A Question of Cannibalism
木曜日, 1月 18, 2007

体罰

I just read an article on the Daily Yomiuri site that would have been very welcome about 3 years ago, and still should be to anyone teaching in Japan.

There is a lot of noise going down now about proposed changes to the Basic Education Law - mostly complaints about PM Abe's intention to include some rubric about patriotism, which makes lily-livered coffee-pot worriers fear a return to the shit that got Japan into the Pacific War. Come on! Japan is a very different place than it was 70 years ago, a responsible member of the global community, and I can't see them walking out of the UN again. On the other hand, they should have more power within it. But that's another story. The point here is that it's just a stupid, empty gesture to pander to nationalists and make people stop talking about other issues.

But the other, more interesting, point came out in the article - that the pessimistically-named Education Rebuilding Council has requested a redefinition of the "corporal punishment" that is legally prohibited - they want more leeway to punish students.



Obviously, we are not talking about corporal punishment in the Ben Dover sense.

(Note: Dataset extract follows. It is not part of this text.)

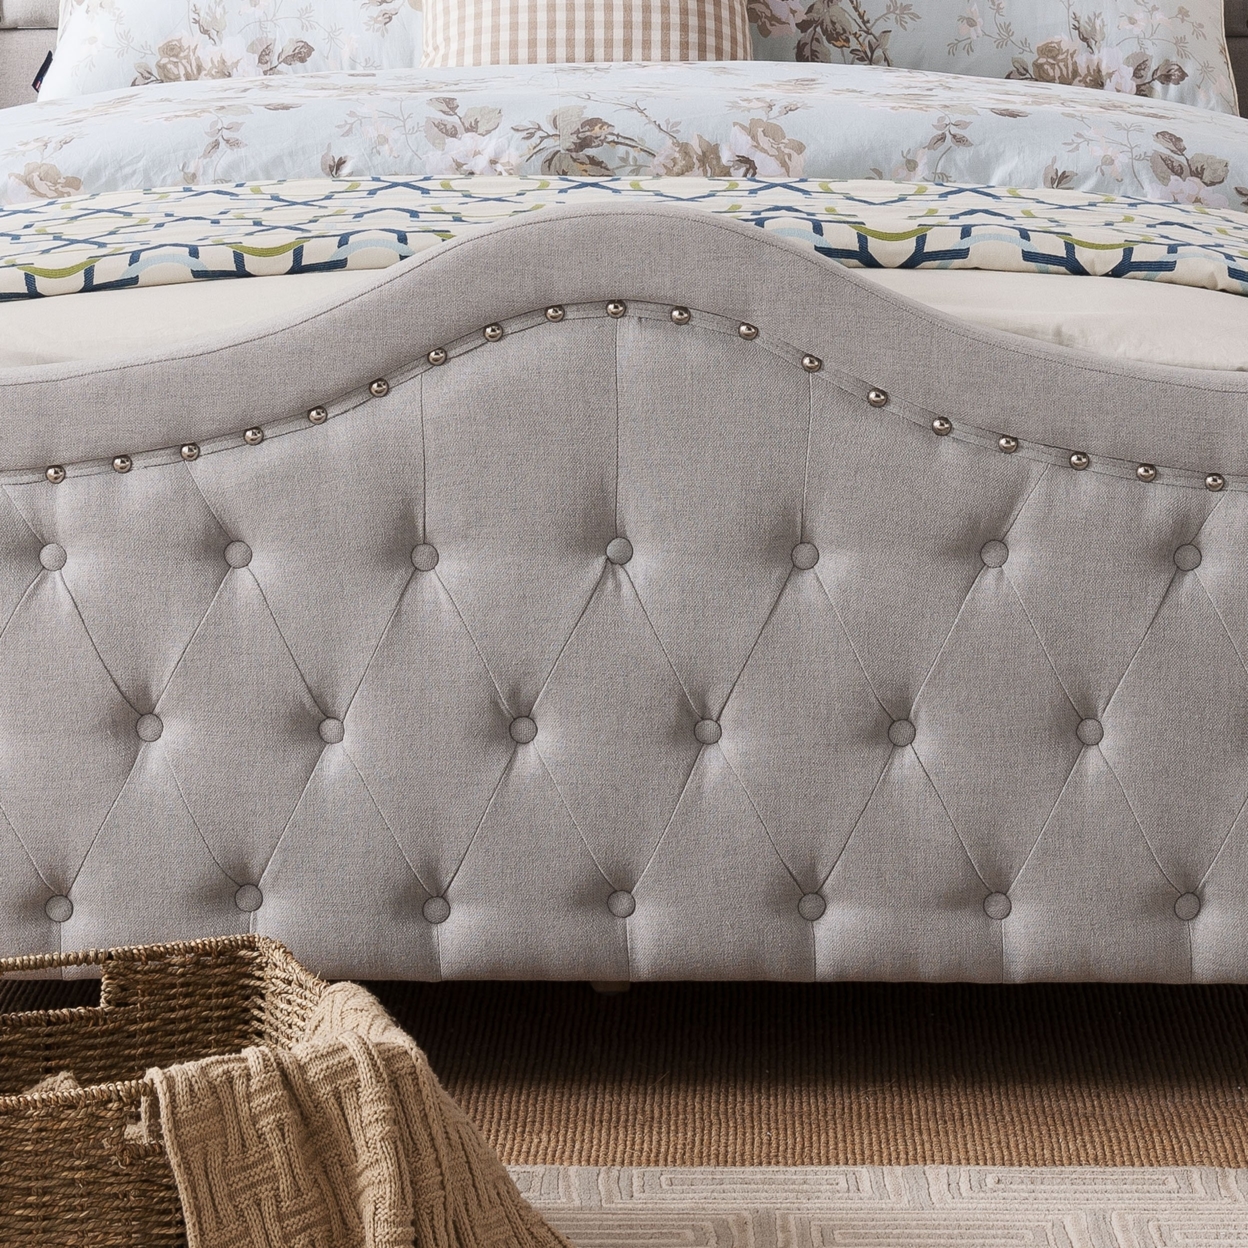 Livi Fabric Fully Upholstered Queen Bed Set - Ivory

What they are more interested in is the inability of teachers to remove a student from class who is disrupting the lesson - currently illegal, in that all students have the right to learn (in class). A provision that ignores the fact that so do all the other students who are having that right infringed upon by the "bad" kid.

I don't want to get into school psychology and why these incidents might occur, but even in the best of classes, they certainly can and do. If teachers can't remove troublemakers (to the principal's office or the counselor's room, for example) then, they are, in the words of panel member Hiroyuki Yoshiie, being "told to go into battle with both arms and legs tied" - an "irresponsible" situation. Even without the dramatic metaphor, you get the point, and I think so would most teachers in Japan. 
Comments:
This is certainly an issue that is long over-due in being rectified. I have a (Japanese) friend who is a teacher in Hyogo who sent a student out of her class for disruptive behaviour. The student went to the vice-principal, who came into the classroom with the evicted student, and proceeded to belittle and admonish the teacher in front of the whole class.
 
Ridiculous, hey? The teachers have all the responsibility but no power. They forgot the first rule of spider-man.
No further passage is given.